Unlike NVB speakers, who try to dominate and outdo each other and struggle to get each other’s attention, SVB speakers take turns with their listeners, who will also then speak as SVB speakers. In other words, NVB speakers continuously elicit NVB speech, while SVB speakers only evoke SVB speech. Stated differently, NVB always speakers trigger respondent or reflexive behavior in the listener, who will then speak as a NVB speaker, but only SVB speakers can emancipate their listeners into becoming SVB speakers like themselves.

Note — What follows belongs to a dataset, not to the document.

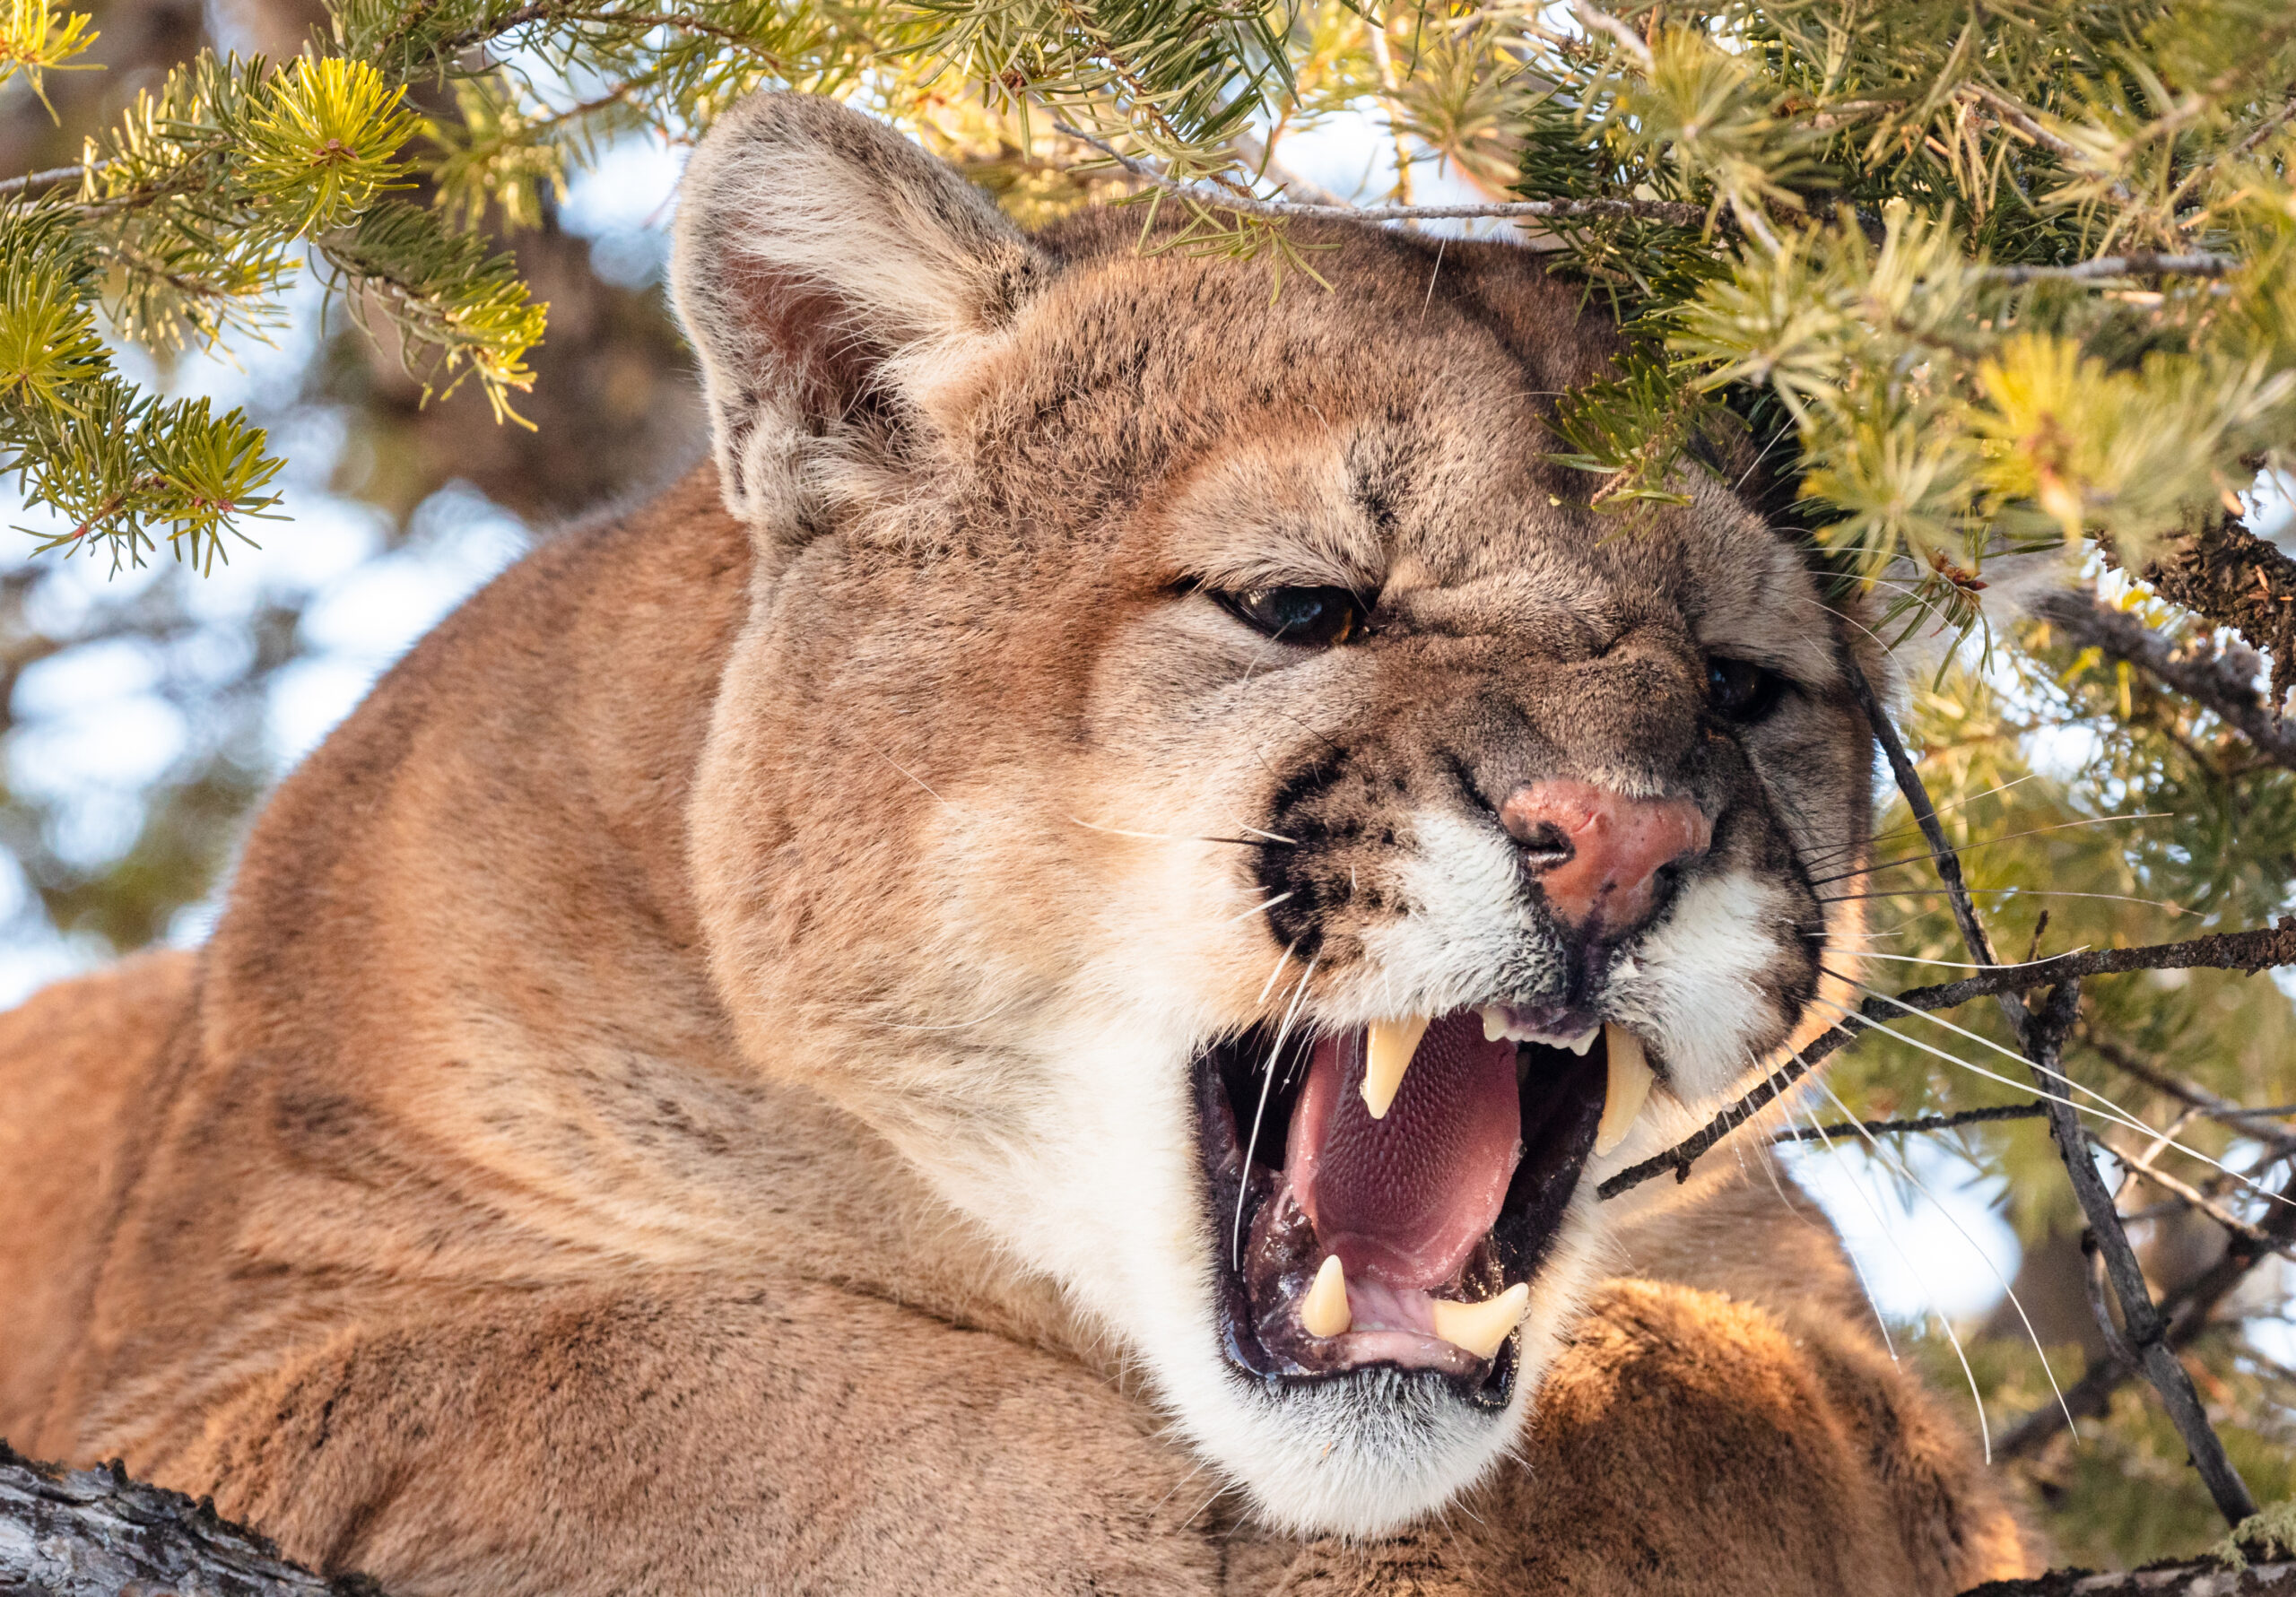 Canadian Plumber Kicks a Cougar in the Head to Save His Daughter's Dog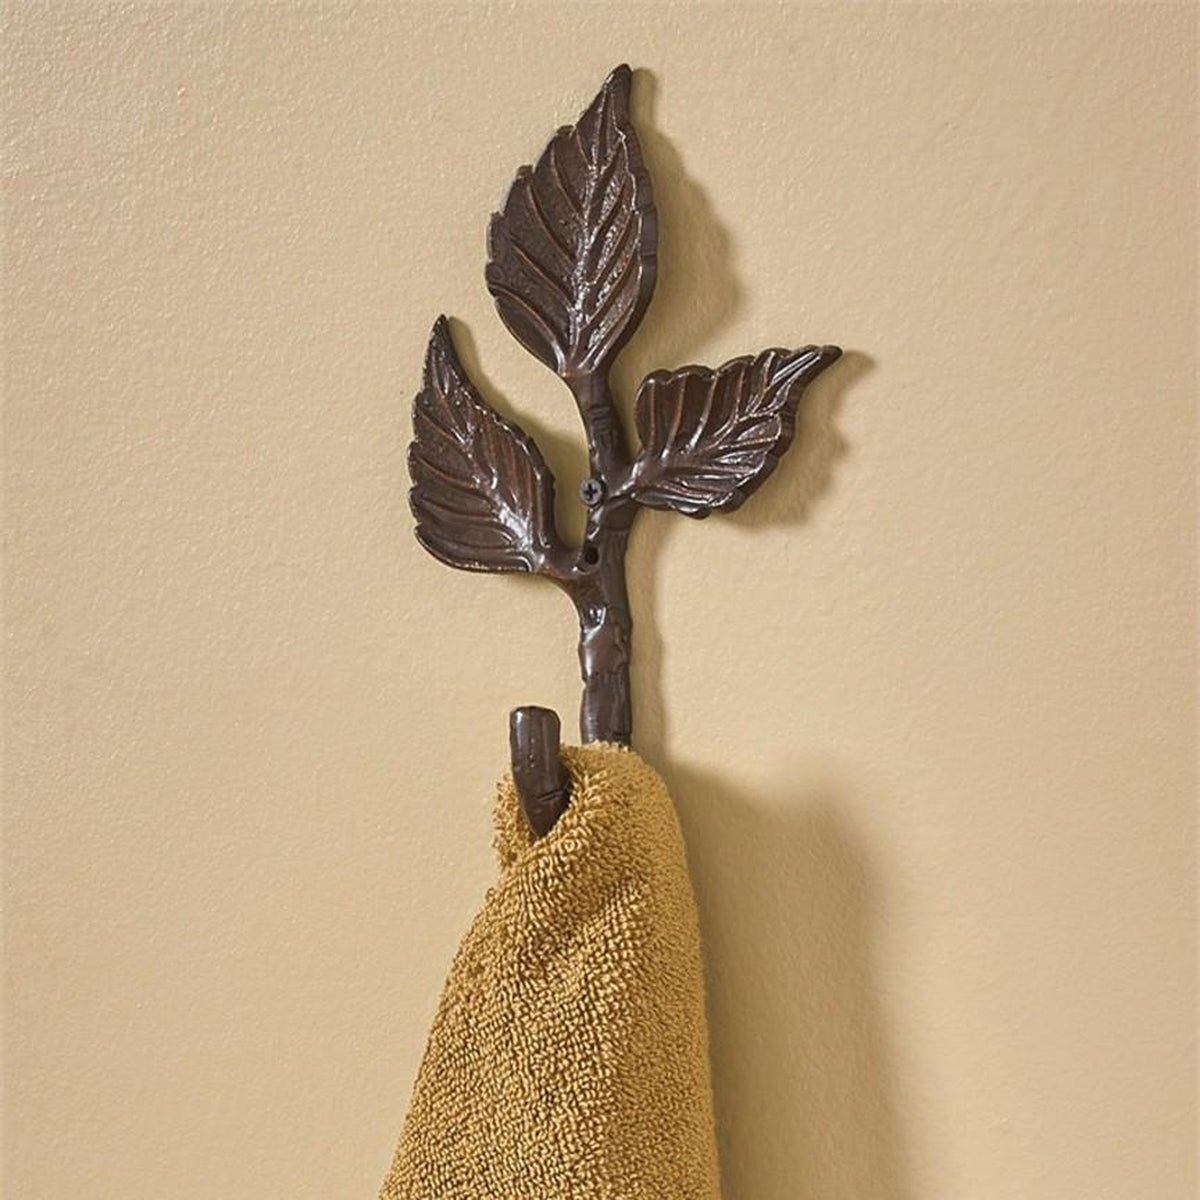 Wrought Iron Towel Hooks - Iron Accents

The SVB speaker listens to him or herself while he or she speaks, that is, he or she tracks how he or she is affected by his or her own sound and this allows him or her to monitor how he or she affects the listener. The SVB speaker accurately discriminates when he or she or others produce NVB or SVB and is capable of tracing how the occurrence of one or the other is a function of variables in the environment. Rather than making SVB happen, the SVB speaker knows about the environment in which SVB can and will happen, but he or she also recognizes without any drama the environment in which only NVB can and will happen.

I know how to arrange environments in which SVB can and will happen. What I know can also be known by you. To learn it, you must verify what I write. I urge you to spend time by yourself talking out loud and listening to the sound of your thoughts and your feelings. By creating the environment in which you can safely and calmly express your own private speech in public speech (what you say to yourself can potentially be heard by others), you will become familiar with your ability to have SVB. As you read this text and you use these words to listen to your own sound, you will find it very easy, effortless and enjoyable.